|
Stats
S+ArrayAnalyzer web seminar (June 22, 2004).
Michael O'Connell and Richard Park gave a nice web seminar on the
S+ArrayAnalyzer, a
software program for analysis of microarray data that is marketed by
Insightful Corporation. This company makes a lot of
very nice software
-
S+, an object oriented
language for statistical analysis,
-
S+SeqTrial, a system
for designing and analyzing group sequential trials,
-
Insightful Miner, data
mining software,
-
Infact, text mining software.
The S+ArrayAnalyzer software is built on the open source Bioconductor project. It remains
faithful to the Bioconductor implementaiton of expression sets and code written for
Bioconductor will work in S+ArrayAnalyzer. S+ArrayAnalyzer adds additional slots, consistent
accessor methods, and a graphical user interface. It also offers Affymetrix API support, and
an SPXML library for graphics.
You can run S+ArrayAnalyzer algorithms within the Spotfire DecisionSite application.
Details are available at
Spotfire
S-PLUS Server Solution [pdf].
The speakers described two experiments. The first experiment looked at granulocyte
differentiation in a series of mice, with measurements at day 0, 1, 2, ..., 6 with four mice
evaluated at each day. The goal was to identify genes that are differentially expressed while
minimizing the number of false positives.
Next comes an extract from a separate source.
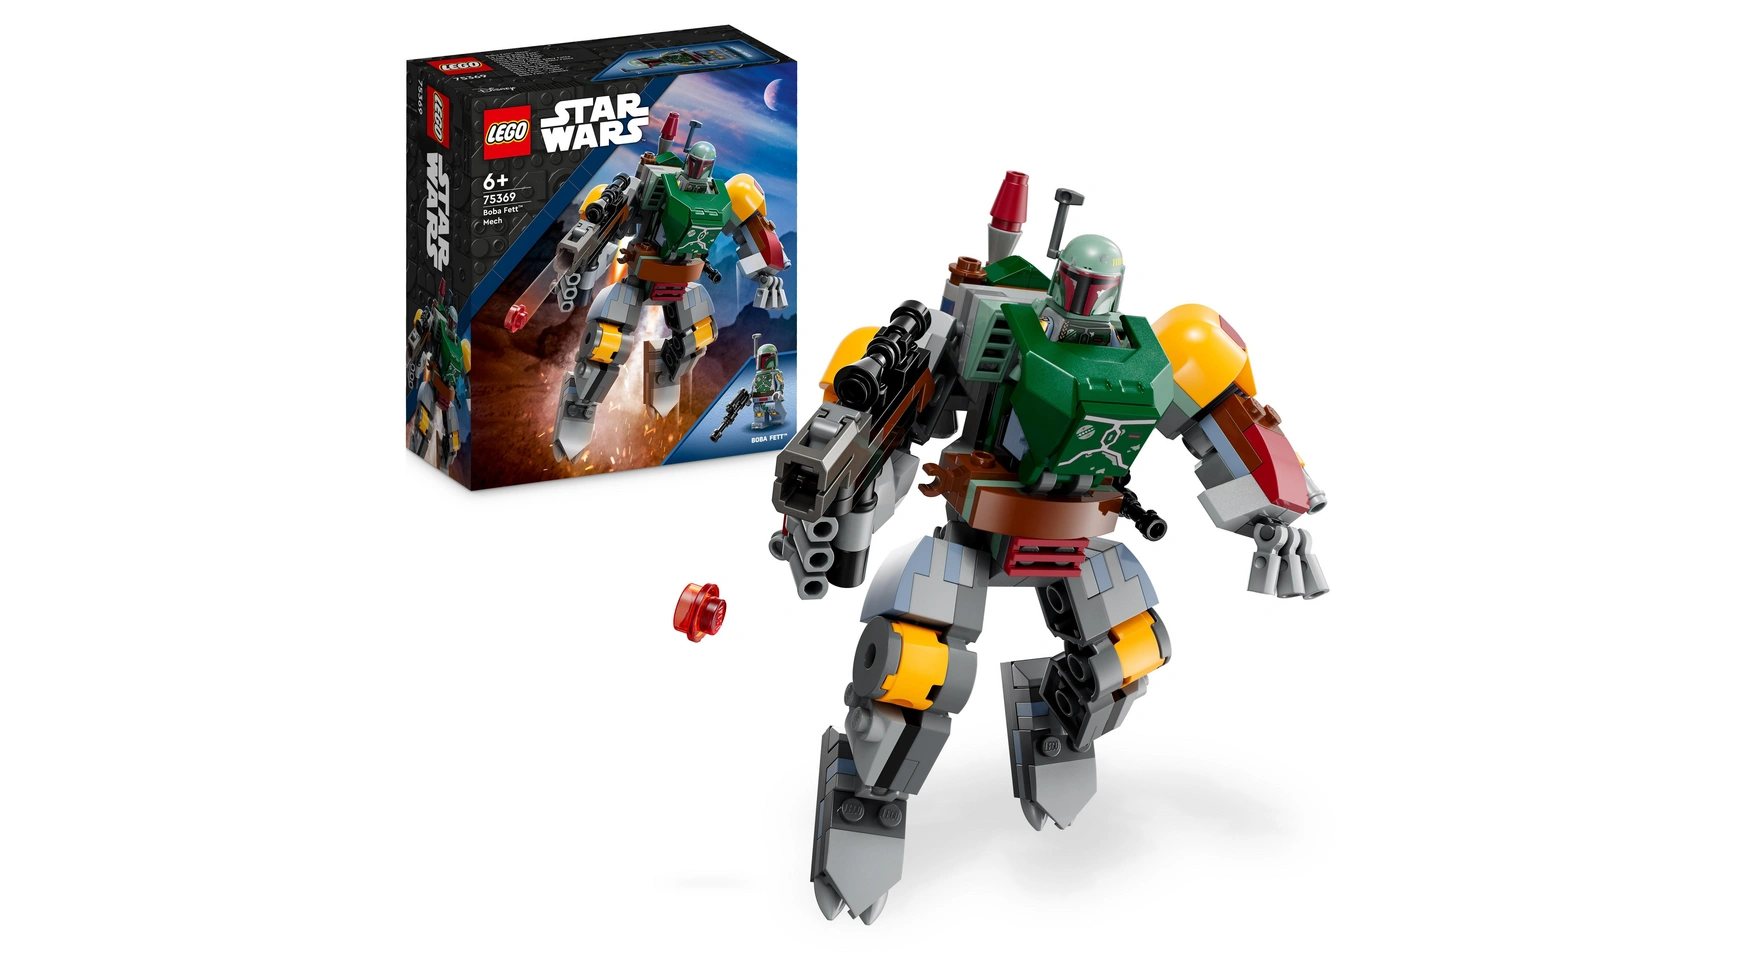 конструктор lego star wars звездолет бобы фетта 75312 Lego Star Wars Набор роботов Бобы Фетта, сборная фигурка с бластером

The second experiment looked at young versus old animals in the time 0, 0.5, 1, 2, 4 hours
after surgically induced injury. There were 3 animals of each age at each time point. The
goal was to see the effect of age on recovery.
S+ArrayAnalyzer can read the CEL and CHP formats as well as AADM links used by Affymetrix
chips. It can also read a variety of formats for the two color spotted arrays.
Initial exploratory methods include MvA plots (Bland-Altman plots), box plots, image plots
of spatial expression, and RNA degradation plots. I had not heard about the RNA degradation
plot before. This plot aligns all the Affymetrix probes from the 5' end of the gene to the 3'
end. Since RNA degradation starts at the 5' end, any degradation would appear as a trend in
the plot with lower expression values on the 5' end. A brief description of this plot appears
on page 17 of the
pdf
handout, Introduction to Affymetrix GeneChip Data Analysis, by Han-Ming Wu and the
AffyRNAdeg function in Bioconductor will produce this graph.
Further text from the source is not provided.